Another thing which can be expressed in many different ways is information. For example, the two statements ``the quantum computer is very interesting'' and ``l'ordinateur quantique est tres interessant'' have something in common, although they share no words. The thing they have in common is their information content. Essentially the same information could be expressed in many other ways, for example by substituting numbers for letters in a scheme such as a -> 97, b -> 98, c -> 99 and so on, in which case the english version of the above statement becomes 116 104 101 32 113 117 97 110 116 117 109... . It is very significant that information can be expressed in different ways without losing its essential nature, since this leads to the possibility of the automatic manipulation of information: a machine need only be able to manipulate quite simple things like integers in order to do surprisingly powerful information processing, from document preparation to differential calculus, even to translating between human languages. We are familiar with this now, because of the ubiquitous computer, but even fifty years ago such a widespread significance of automated information processing was not forseen.
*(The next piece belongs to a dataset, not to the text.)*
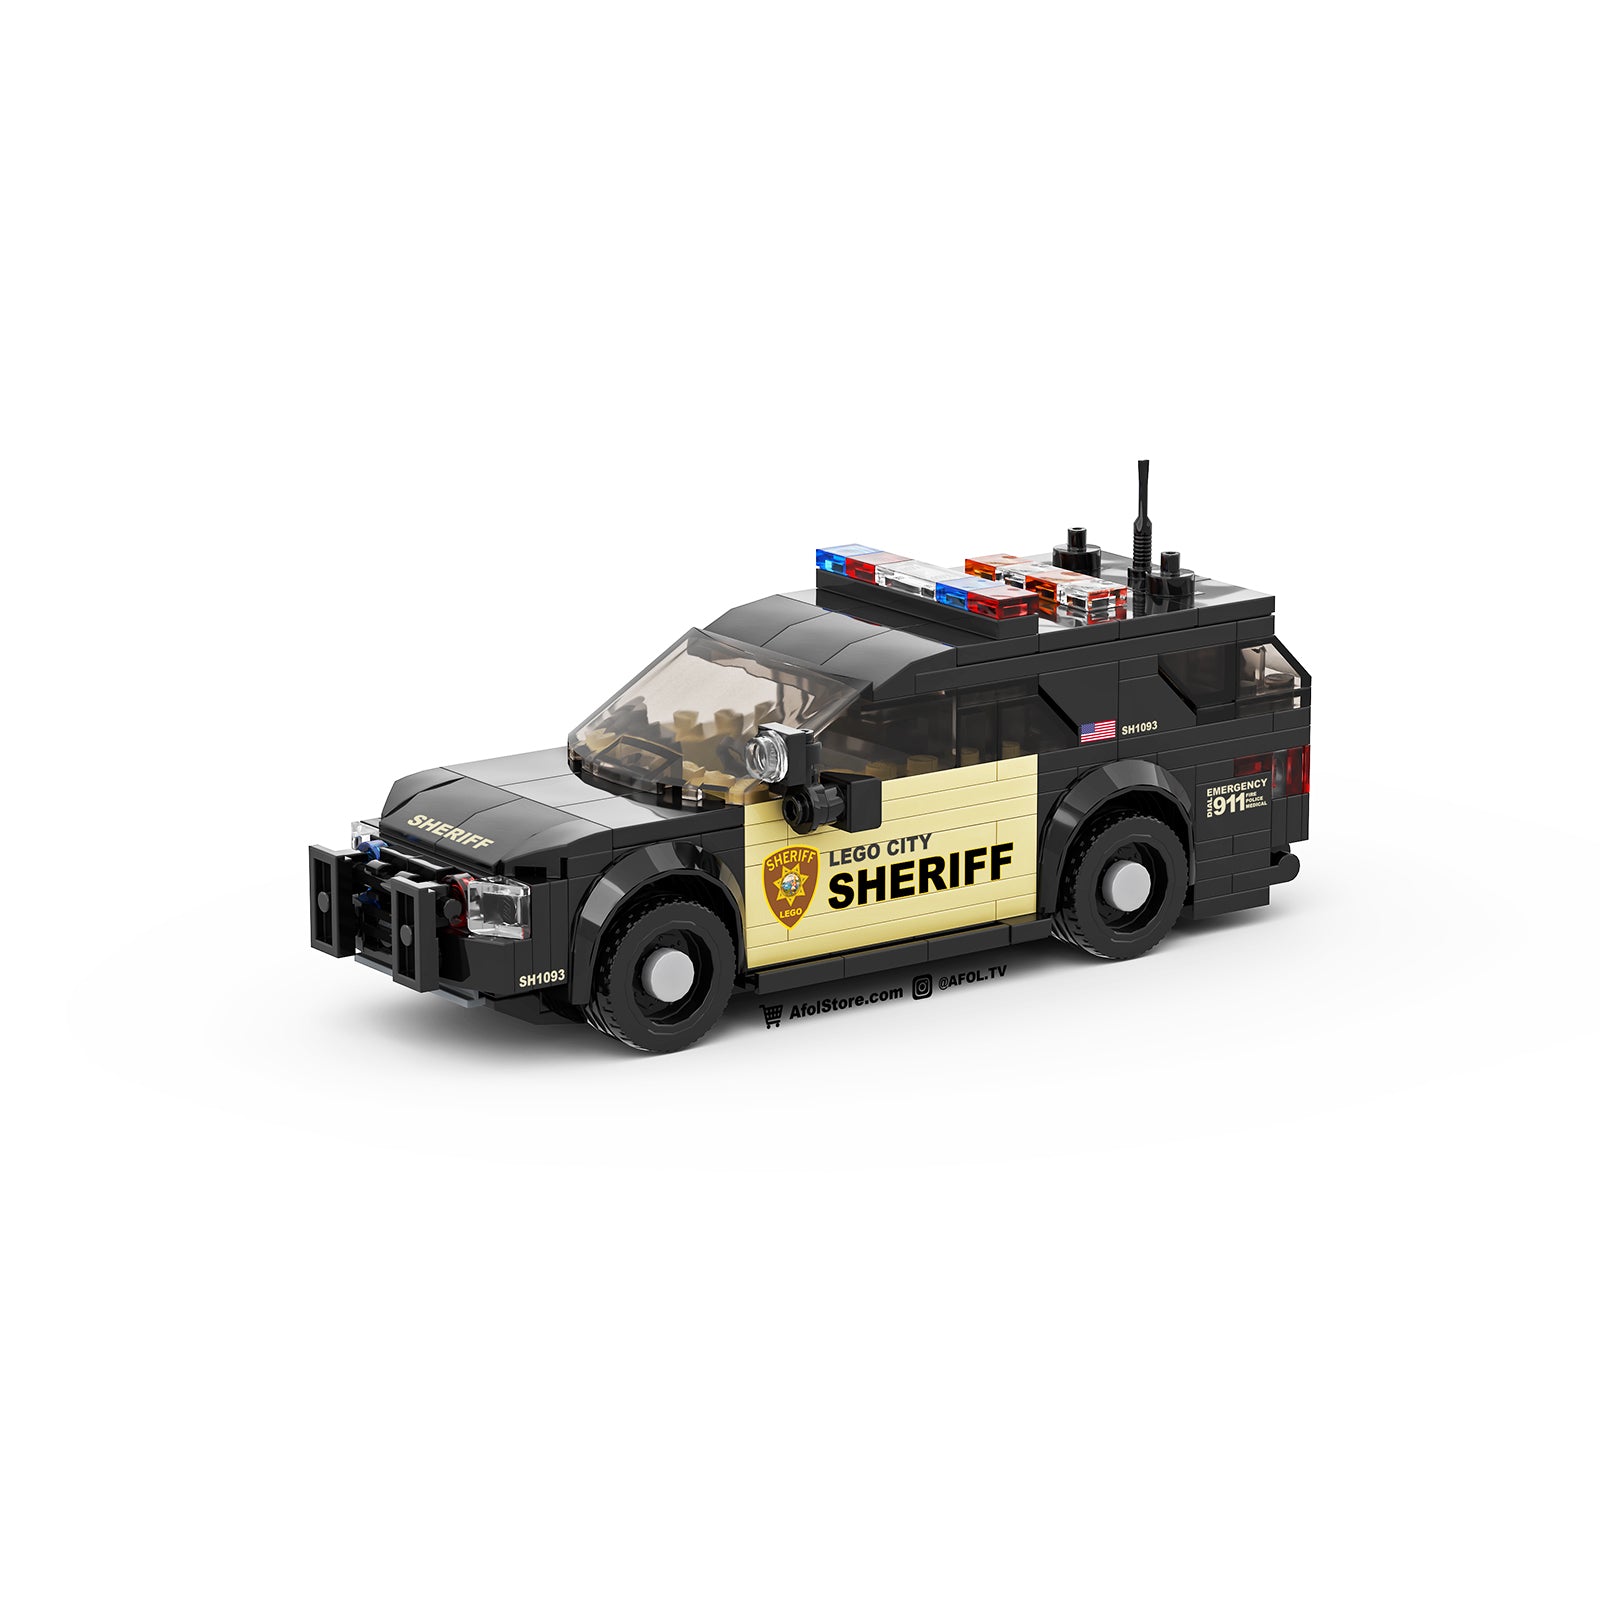 Resonate Rastløs shilling Lego Police Patrol Car Instructions | escapeauthority.com

Quantum Computing vs. Turing Machines

SEP on Quantum Computing:
Although the original Church-Turing thesis involved the abstract mathematical notion of computability, physicists as well as computer scientists often interpret it as saying something about the scope and limitations of physical computing machines. For example, Wolfram (1985) claims that any physical system can be simulated (to any degree of approximation) by a universal Turing machine, and that complexity bounds on Turing machine simulations have physical significance. For example, if the computation of the minimum energy of some system of n particles requires at least an exponentially increasing number of steps in n, then the actual relaxation of this system to its minimum energy state will also take an exponential time. Aharonov (1998) strengthens this thesis (in the context of showing its putative incompatibility with quantum mechanics) when she says that a probabilistic Turing machine can simulate any reasonable physical device at polynomial cost. Further examples for this thesis can be found in Copeland (1996).

AND:
Theoretical as it may seem, the question "what is quantum in quantum computing?" has an enormous practical consequence. One of the embarrassments of quantum computing is the fact that, so far, only one algorithm has been discovered, namely Shor's, for which a quantum computer is significantly faster than any known classical one. It is almost certain that one of the reasons for this scarcity of quantum algorithms is related to the lack of our understanding of what makes a quantum computer quantum (see also Preskill 1998 and Shor 2004). As an ultimate answer to this question one would like to have something similar to Bell's (1964) famous theorem, i.e., a succinct crispy statement of the fundamental difference between quantum and classical systems, encapsulated in the non-commutative character of observables. Quantum computers, unfortunately, do not seem to allow such simple characterization. Observables—in the quantum circuit model there are only two, the preparation of the initial state and the observation of the final state, in the same basis, and of the same variable, at the end of the computation—are not as important here as in Bell's case since any measurement commutes with itself. The non-commutativity in quantum computing lies much deeper, and it is still unclear how to cash it into useful currency. Quantum computing skeptics (Levin 2003) happily capitalize on this puzzle: If no one knows why quantum computers are superior to classical ones, how can we be sure that they are, indeed, superior?